Electronics Retailers Uses Video Wall To Help Sell Drones

October 18, 2018 by Dave Haynes

NEC Display has pushed out an interesting case study that shows how an in-store video wall is being used to sell drones.

The wall was put in by B&H Photo Video at its massive, always-jammed store on 9th Avenue in New York, near Penn Station and Hudson Yards.

“We needed to be able to open our customers’ eyes to these drones’ capabilities and show them the larger-than-life aerial footage,” says Yitzie Schwartz, training manager at B&H. “That’s when we had the idea: Why don’t we gather footage of what these drones can do, and put it on a big screen in the store?”

Says the case study:

Digital signage was the natural answer to the store’s need.

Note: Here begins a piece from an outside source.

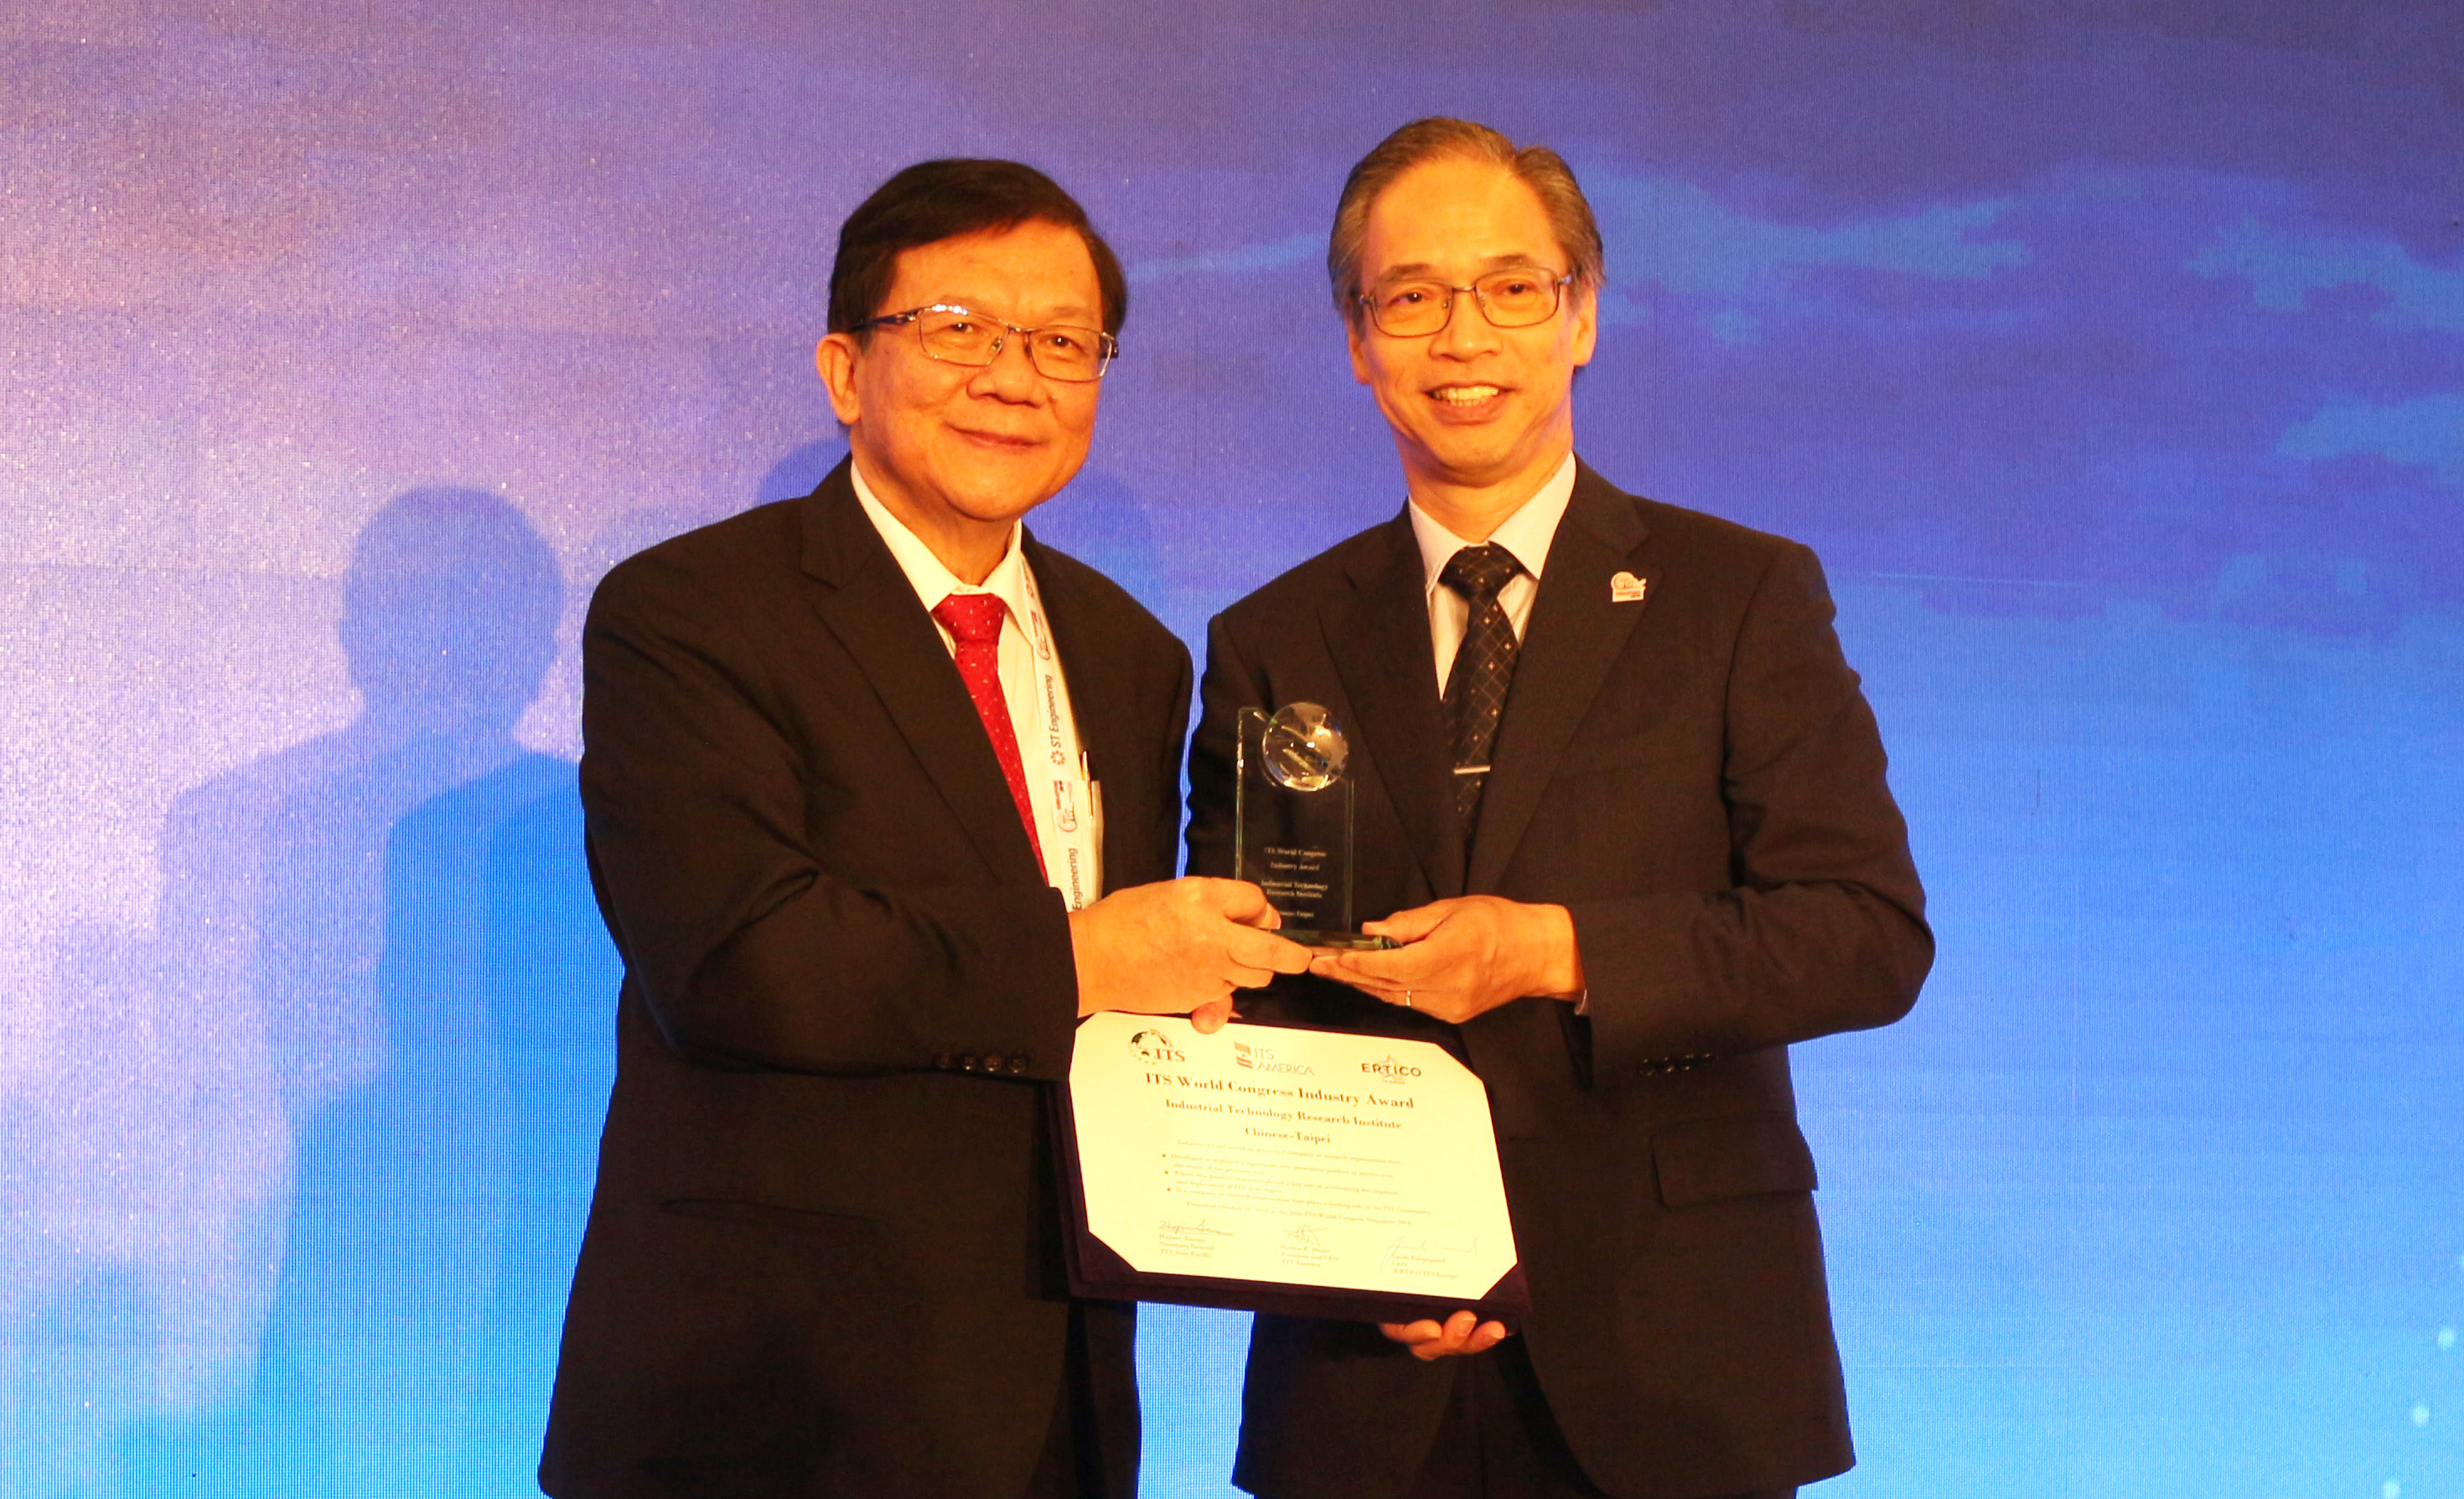 ITRI Chairman Chih-Kung Lee (left) accepted the Industry Award from ITS Asia-Pacific Secretary General Hajime Amano (right) at ITS World Congress 2019.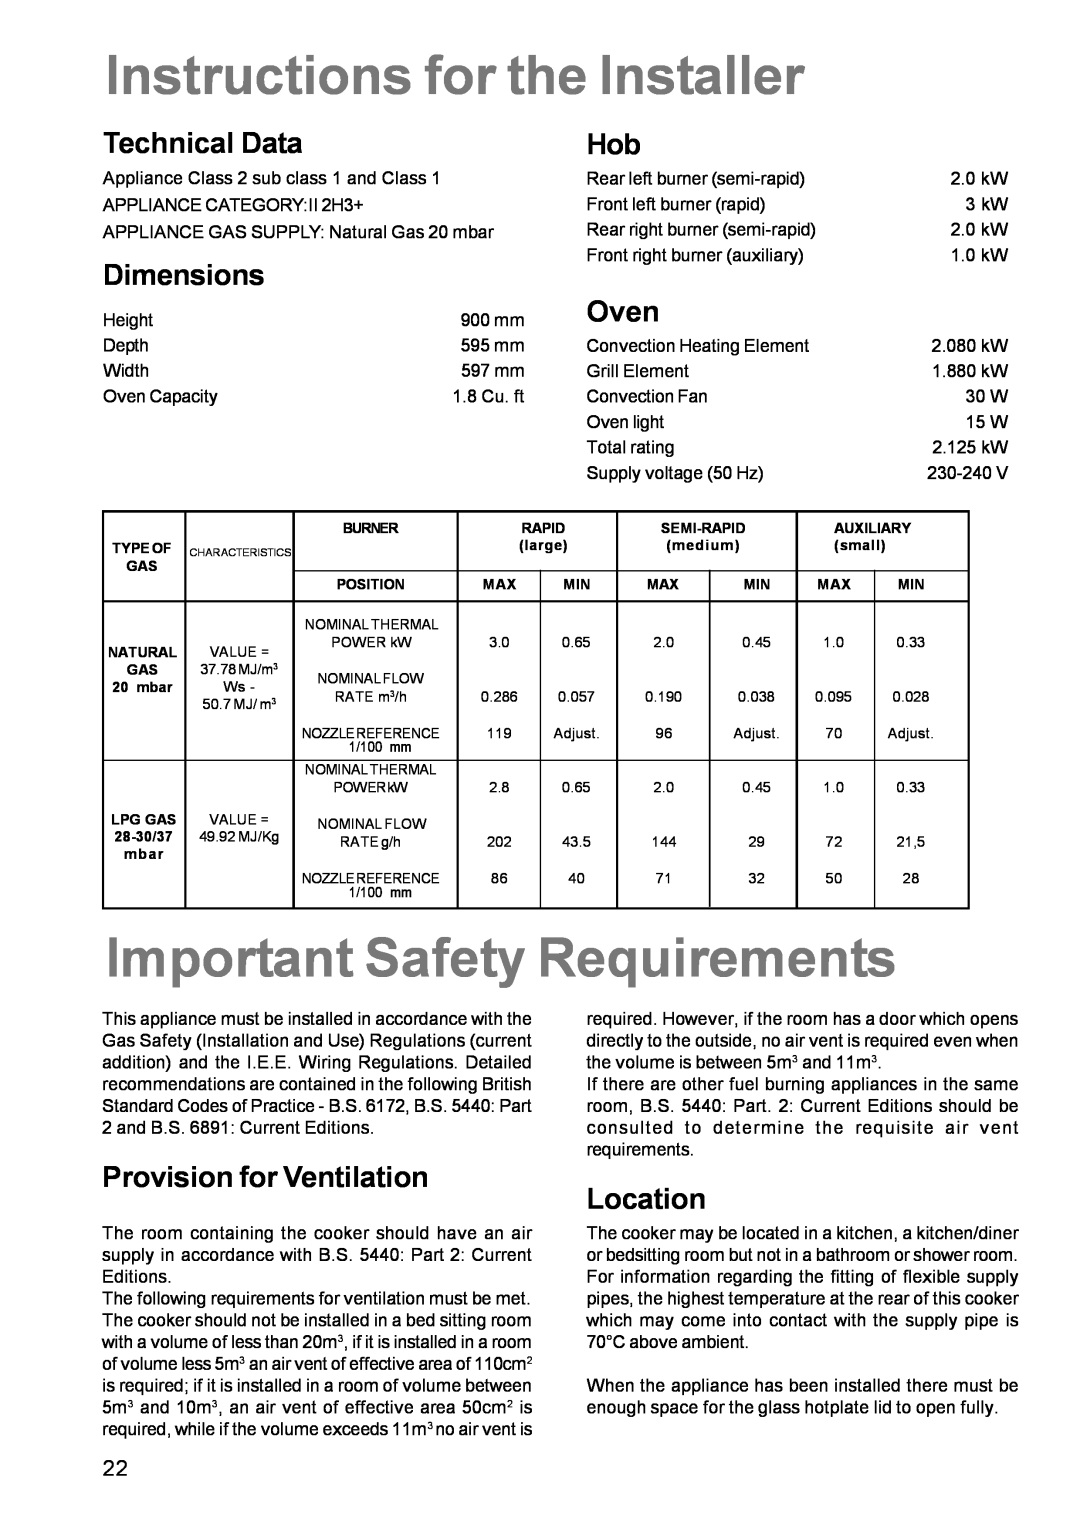 Zanussi ZCM 610 Instructions for the Installer, Important Safety Requirements, Technical Data, Dimensions, Oven, Location

Not only is it more attention-grabbing than static signs or posters, but it also is an ideal way to show real-life aerial imagery the way it should be watched: in large format, on high-quality displays.

“There is so much more we can do with a video wall – between showing actual video from the drones and ways to customize content and make it interactive,” Schwartz added. “We wanted a way to let customers view different footage based on what kind of drone they are looking to purchase to help them choose the right one.

B&H used a 2×2 set-up with 46-inch ultra narrow bezel screens.

The UAV department was reorganized after the video wall was installed. The department now grabs shoppers’ attention immediately with the prominently displayed video wall, which shows off stunning landscape imagery, action shots taken by drones whizzing through the air, high-quality aerial videos and more. Shoppers can pick up and examine the physical products – the drones themselves – mounted on a nearby wall, then select the model on an interactive touchscreen kiosk linked to the video wall, and see for themselves what the drone’s camera can do.

“The sales person can pull up footage of scenes shot using a specific drone and play it on the video wall,” Schwartz said.

The video wall is helping customers considering UAVs for aerial imaging narrow down their options, according to Schwartz.

“Customers can better understand each drone’s capabilities to make a more intelligent purchase decision,” Schwartz said. “That’s why we chose a video wall. We knew we couldn’t do it any other way.”